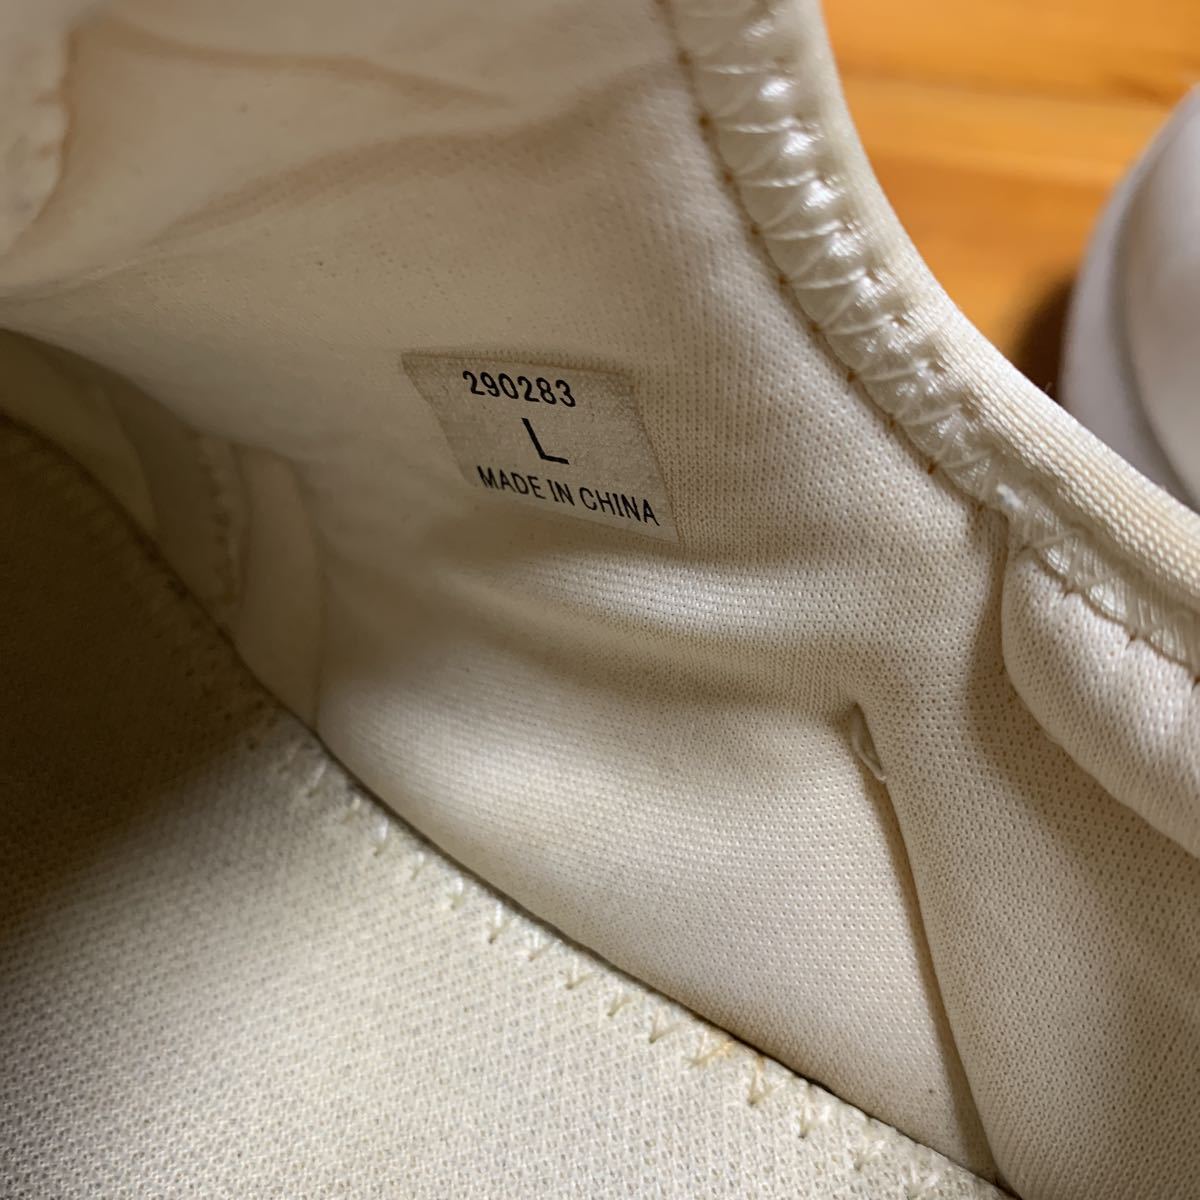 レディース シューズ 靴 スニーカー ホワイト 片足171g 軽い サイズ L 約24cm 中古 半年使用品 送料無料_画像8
================================
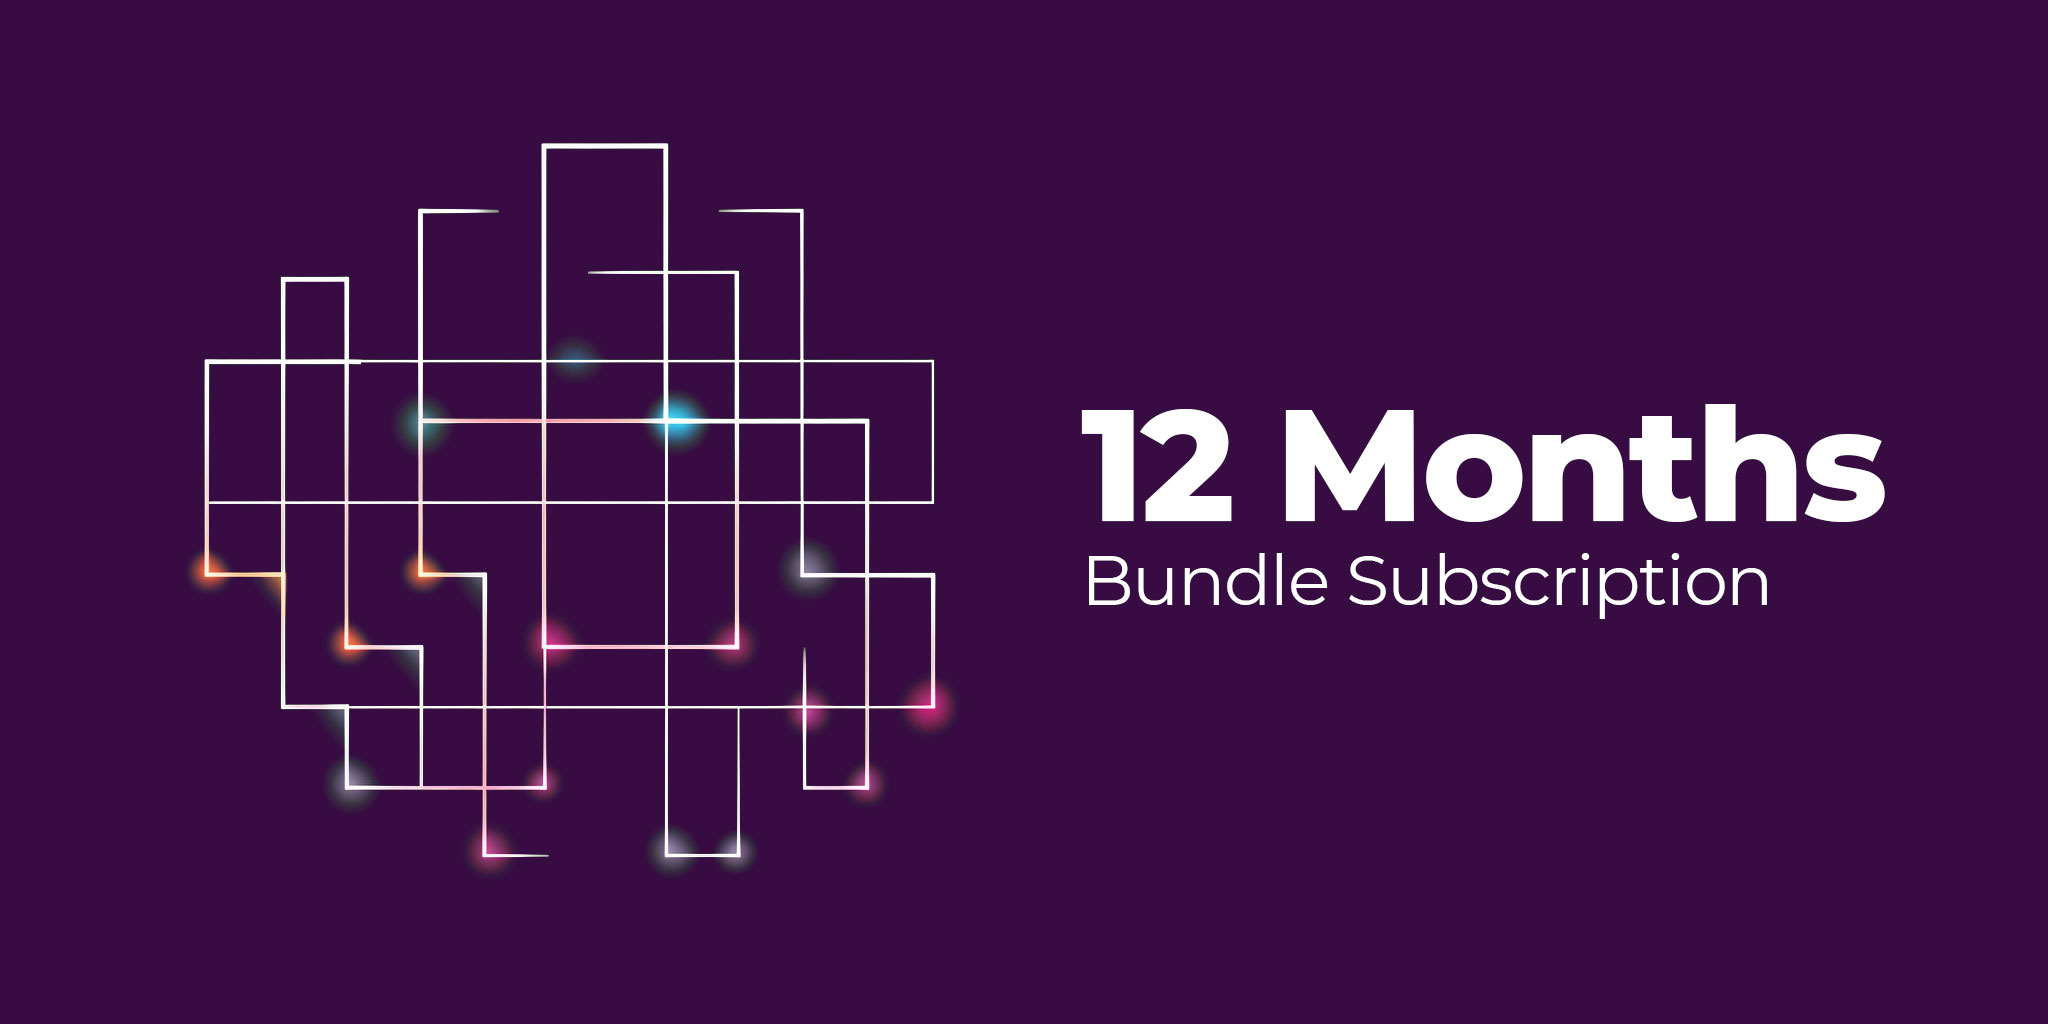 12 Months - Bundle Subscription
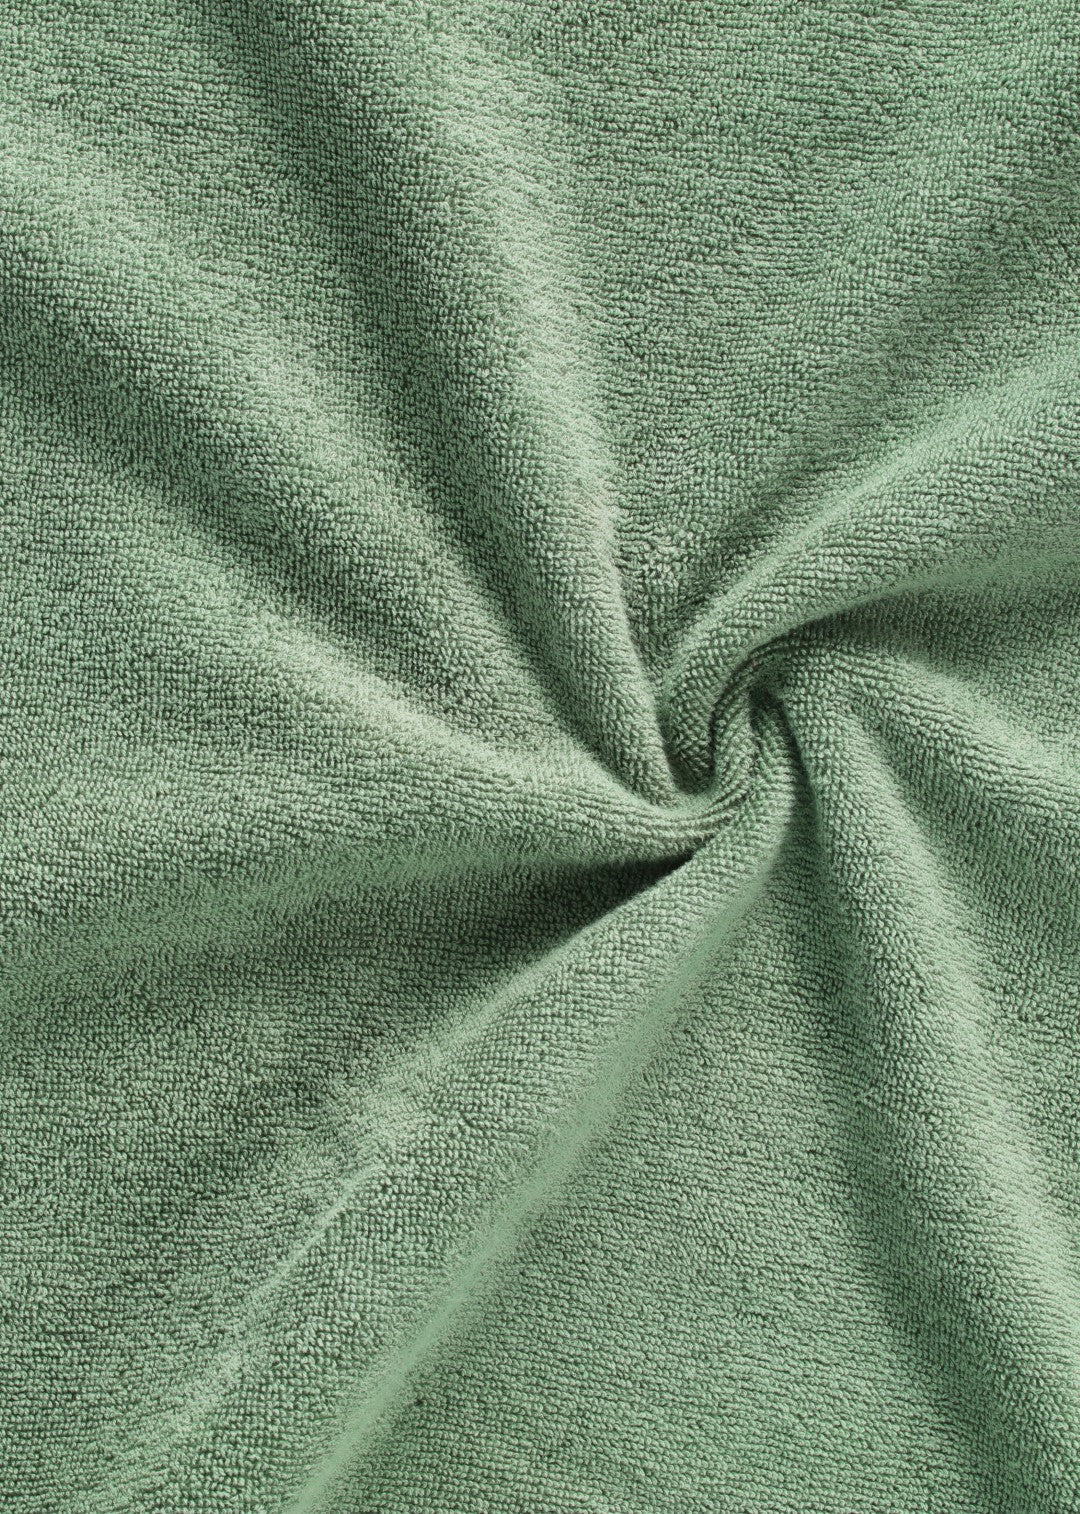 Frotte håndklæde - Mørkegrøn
================================
**WHAT TO DO**
Within these entries, output exactly the lines starting at the one with "12 Months - Bundle Subscription" and finishing at the one with "Frotte håndklæde - Mørkegrøn". Leave pictures out of the output.

**EXERCISE OUTPUT**
 12 Months - Bundle Subscription
 Frotte håndklæde - Mørkegrøn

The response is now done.